I wonder if CCP has any stats regarding usage of Nos of various sizes in PVP situations? Blink


I use NOS in skirmish pvp. I use a HAC to point unwary targets and keep a small NOS in a high slot in order to ensure I can hang on to them until everyone else arrives. I do the same in an astero too (which is a surprisingly good and strong covert tackler)

I've also tried a stratios with 4 small nos in the high slots - it's excellent for tackling neut ships. An ishtar would be as good.

The reason I use small nos has nothing to do with cap amount in my target and everything to do with cycle time.

It basically means that a ship with heavy neuts can't wrong-foot me with well timed neut cycles, and escape my scrams.

Having said that, I would use a heavy nos in a hyperion when engaging battleships or cruisers in order to augment the cap booster, freeing one mid slot for some ewar.

Embers Children is recruiting carefully selected pilots who like wormholes, green killboards and the sweet taste of tears. You can convo me in game or join the chat "TOHA Lounge".

Kahega Amielden
Rifterlings
#698 - 2013-12-12 23:51:23 UTC

I'd be perfectly happy with the Nos only being reliable against up-sized target if it wasn't harder to fit than a neut. As it stands, it's only useful sometimes, and even then not that useful.

Fun fact: Even a small nos (The least **** of the nosferatus) requires five times the powergrid of a 150mm autocannon, and two and a half times the CPU (this is assuming no weapon upgrades or AWU, both of which make the comparison less favorable for nos).

That means that any particular Minnie frigate will end up using more PG to mount a nos than all of its guns combined (unless it's a full rack of 200s, in which case you'll use about the same).

Mournful Conciousness
Federal Navy Academy
Gallente Federation
#699 - 2013-12-13 00:00:07 UTC
Kahega Amielden wrote:

I'd be perfectly happy with the Nos only being reliable against up-sized target if it wasn't harder to fit than a neut. As it stands, it's only useful sometimes, and even then not that useful.

Fun fact: Even a small nos (The least **** of the nosferatus) requires five times the powergrid of a 150mm autocannon, and two and a half times the CPU (this is assuming no weapon upgrades or AWU, both of which make the comparison less favorable for nos).

That means that any particular Minnie frigate will end up using more PG to mount a nos than all of its guns combined (unless it's a full rack of 200s, in which case you'll use about the same).
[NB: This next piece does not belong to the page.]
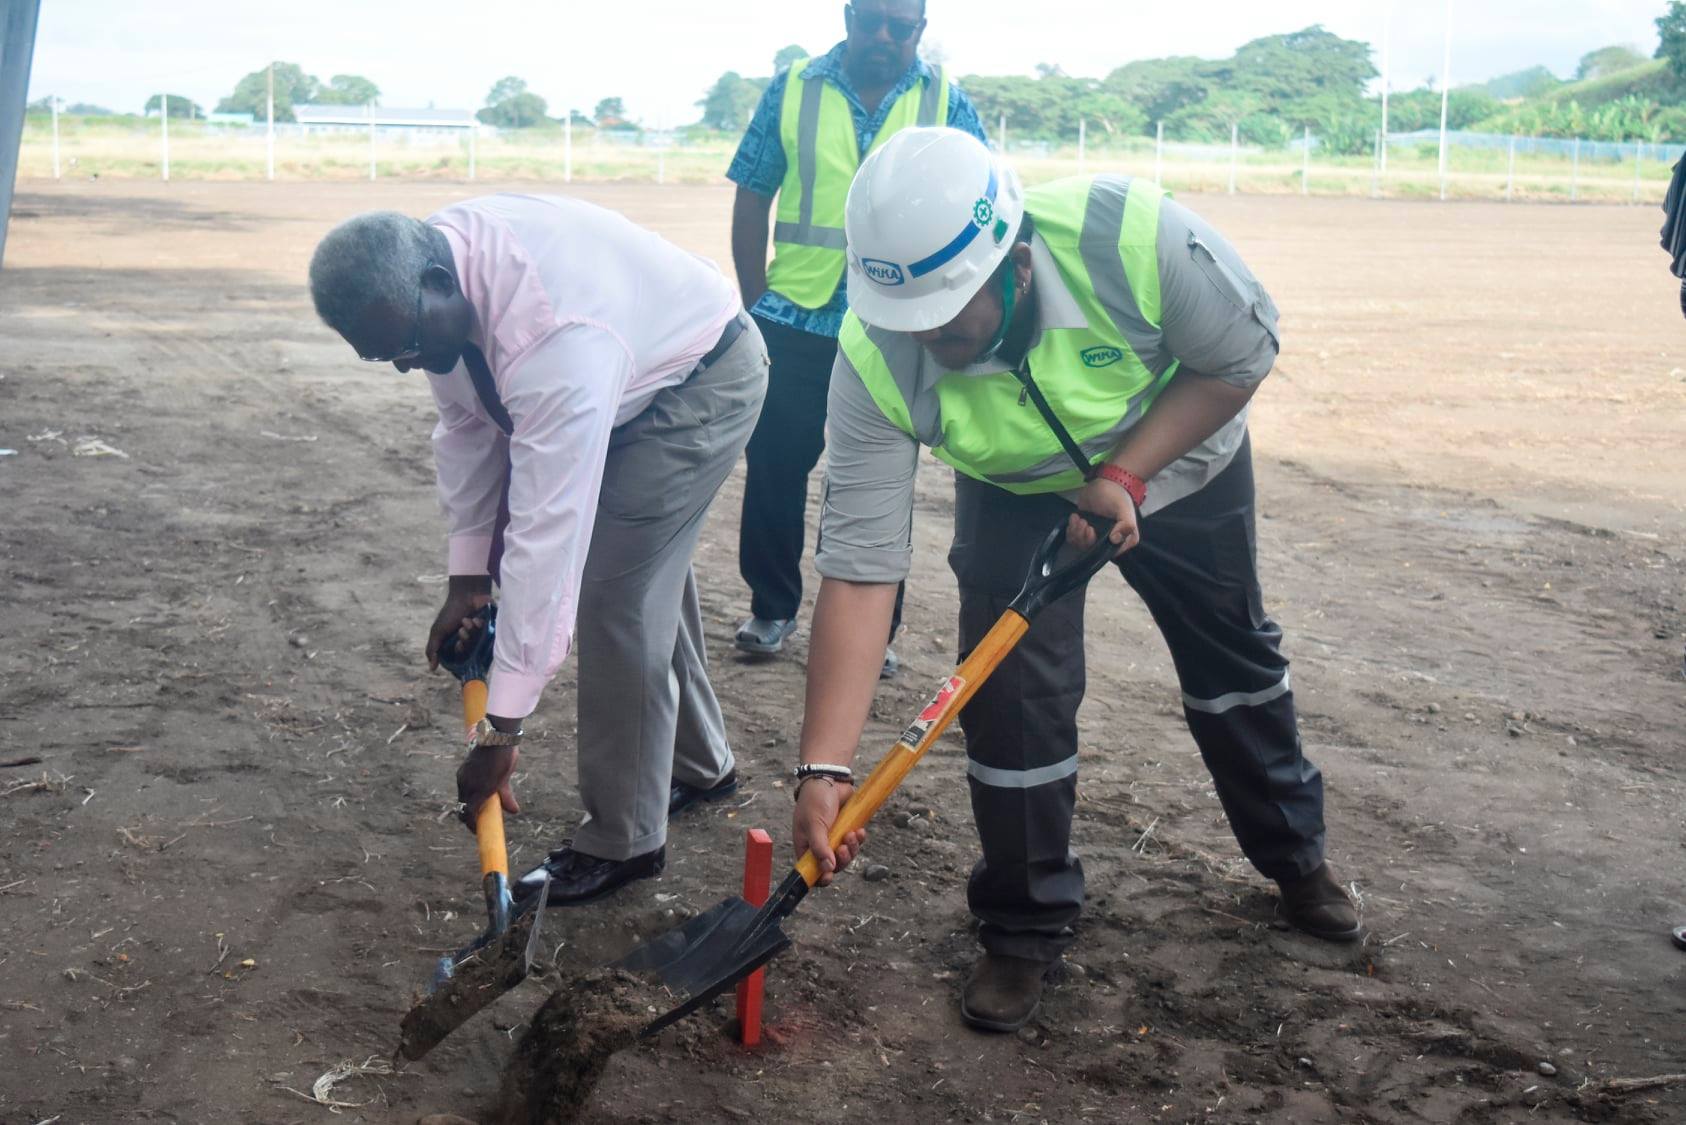 The Solomon Island's futsal facility dream to commence construction in 2021

That's fair though isn't it? Sucking energy from some remote capacitor in a directed way is a very much more difficult technical proposition to lobbing lead in his direction.

Embers Children is recruiting carefully selected pilots who like wormholes, green killboards and the sweet taste of tears. You can convo me in game or join the chat "TOHA Lounge".

Gypsio III
Questionable Ethics.
Ministry of Inappropriate Footwork
#700 - 2014-03-10 10:47:50 UTC
Mournful Conciousness wrote:
Kahega Amielden wrote:

I'd be perfectly happy with the Nos only being reliable against up-sized target if it wasn't harder to fit than a neut. As it stands, it's only useful sometimes, and even then not that useful.

Fun fact: Even a small nos (The least **** of the nosferatus) requires five times the powergrid of a 150mm autocannon, and two and a half times the CPU (this is assuming no weapon upgrades or AWU, both of which make the comparison less favorable for nos).

That means that any particular Minnie frigate will end up using more PG to mount a nos than all of its guns combined (unless it's a full rack of 200s, in which case you'll use about the same).


That's fair though isn't it? Sucking energy from some remote capacitor in a directed way is a very much more difficult technical proposition to lobbing lead in his direction.


I wouldn't say so. One requires energy to move the turret, load ammo and processing power to track the target. The other is just a simple modification to your ship's energy receiver array that tricks your target into directed power towards you.